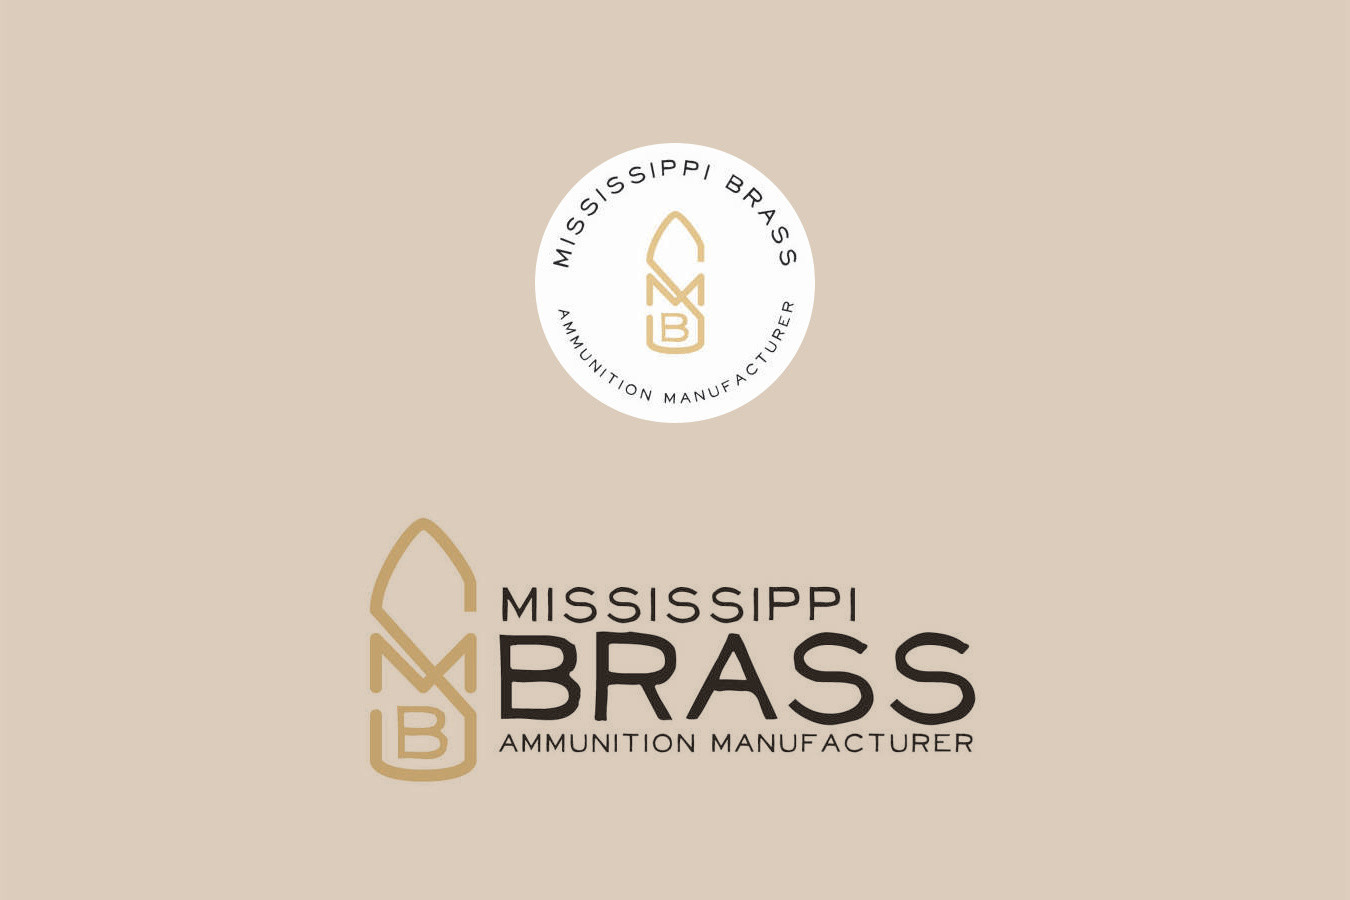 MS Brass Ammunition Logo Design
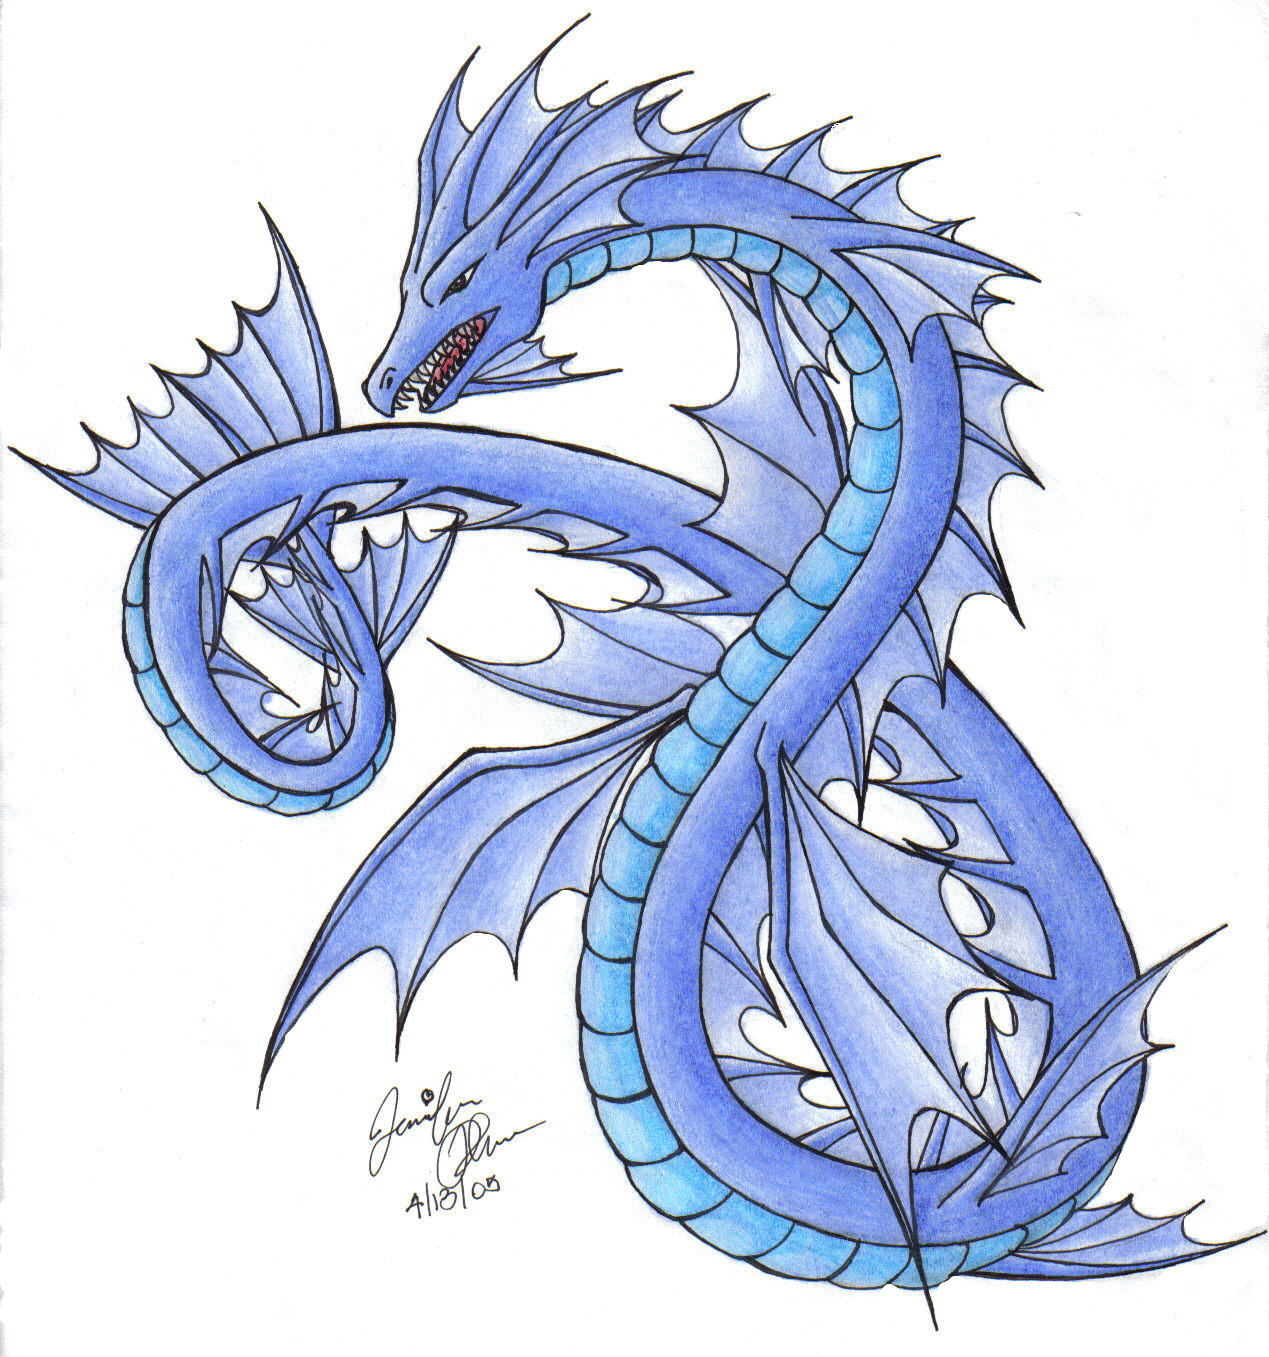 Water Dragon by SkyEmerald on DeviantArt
...
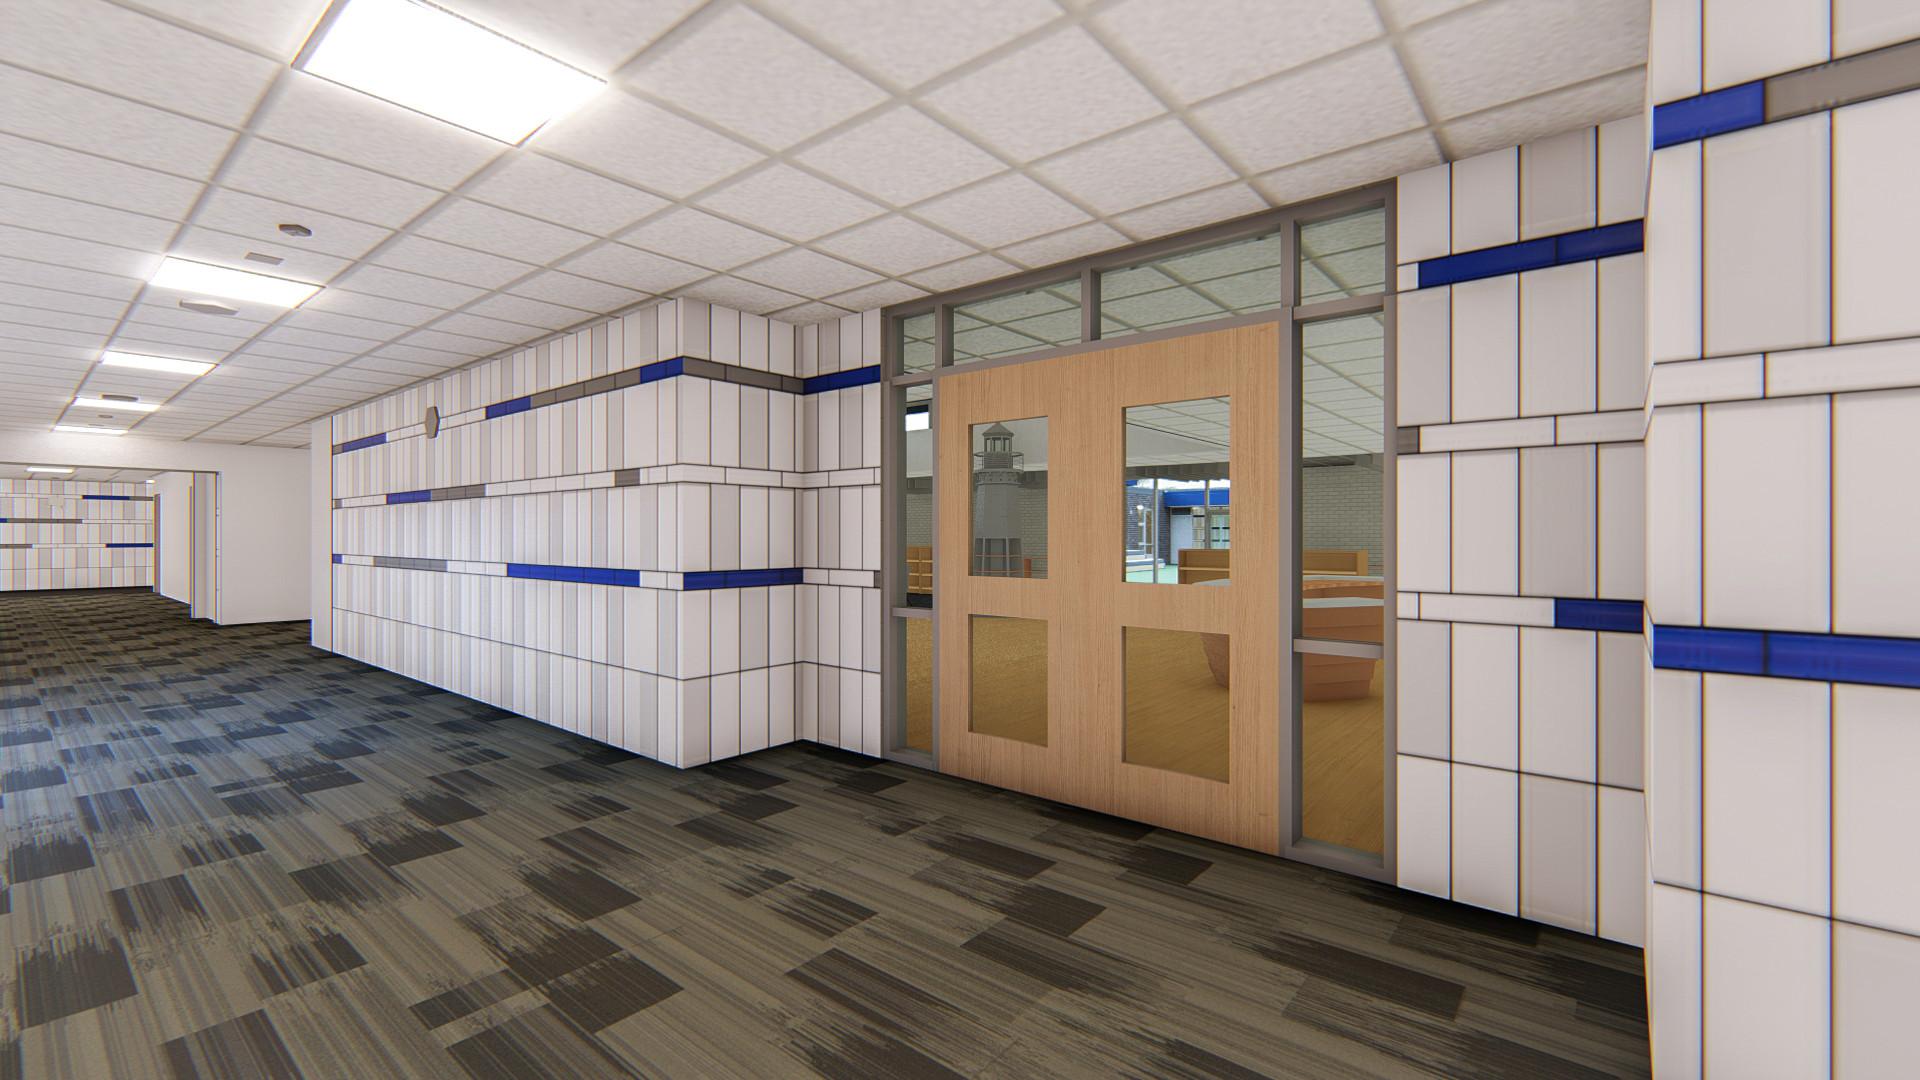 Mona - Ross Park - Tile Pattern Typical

■ Exercise directions
In the material above, one part opens with the line containing "MS Brass Ammunition Logo Design" and closes with the line containing "Water Dragon by SkyEmerald on DeviantArt". Write out that part exactly and skip its pictures.

■ Result for this exercise
 MS Brass Ammunition Logo Design
 Water Dragon by SkyEmerald on DeviantArt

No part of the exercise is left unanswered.